Chu Yang golpeó la puerta, pero no hubo movimiento dentro, ni ningún sonido de Xu Qianqian.
«¿Podría ser que Xu Qianqian no esté en casa? ¿Me dejó plantado?», pensó Chu Yang, frunciendo el ceño, descontento.
Xu Qianqian había hablado con tanta seguridad por la mañana, ¿por qué cambiaría de opinión de repente?… Esto no parecía algo que Xu Qianqian haría…
Sin rendirse, Chu Yang continuó golpeando la puerta, pero seguía sin haber respuesta.
Miró a través de la rendija de la puerta para ver el interior; las luces de la casa estaban apagadas.
Chu Yang reflexionó para sí mismo: «Qianqian no parece ser alguien que rompería su palabra. Me dijo que viniera esta noche, y si no hubiera sucedido nada inesperado, definitivamente estaría esperándome en casa».

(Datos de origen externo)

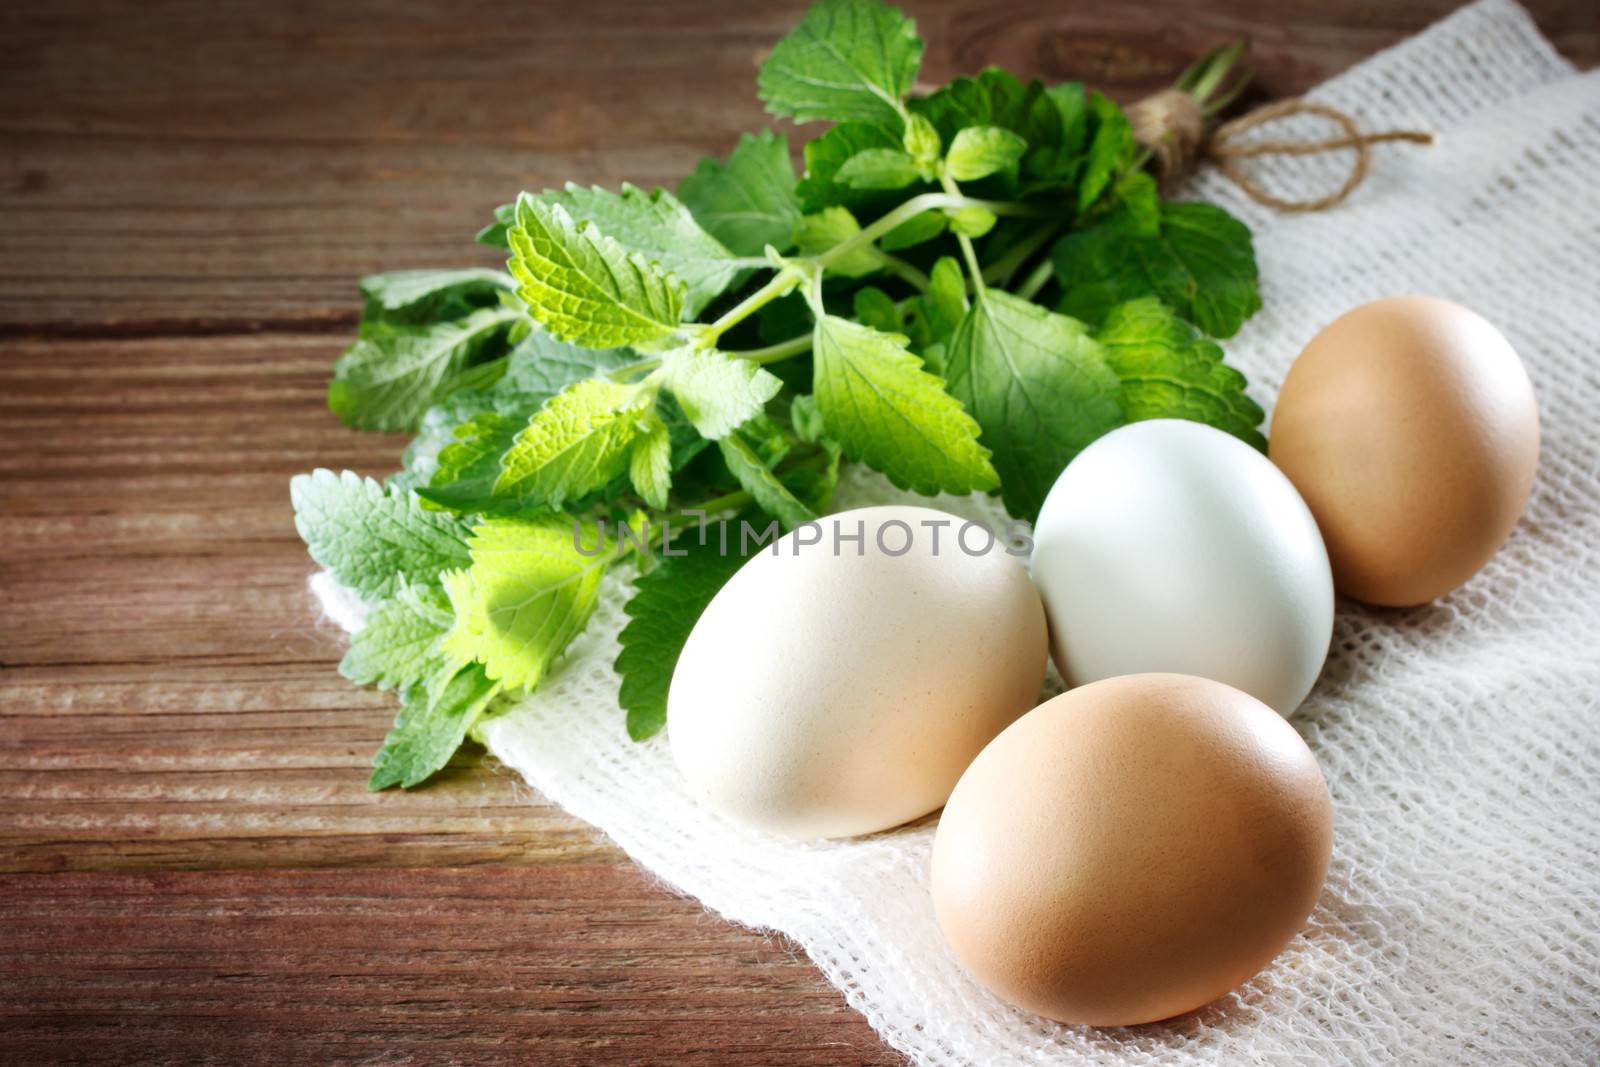 Eggs on a rustic wooden table  by melpomene

«¿Podría haberle sucedido algo inesperado a Xu Qianqian?», pensó Chu Yang para sí mismo, frunciendo el ceño.
Desde el incidente con el hombre de negro en la casa de Xu Qianqian, Chu Yang se había convencido cada vez más de que era muy posible que algo le sucediera a Xu Qianqian.
Se acercó a la pared y decidió escalar para verificar cómo estaba Xu Qianqian.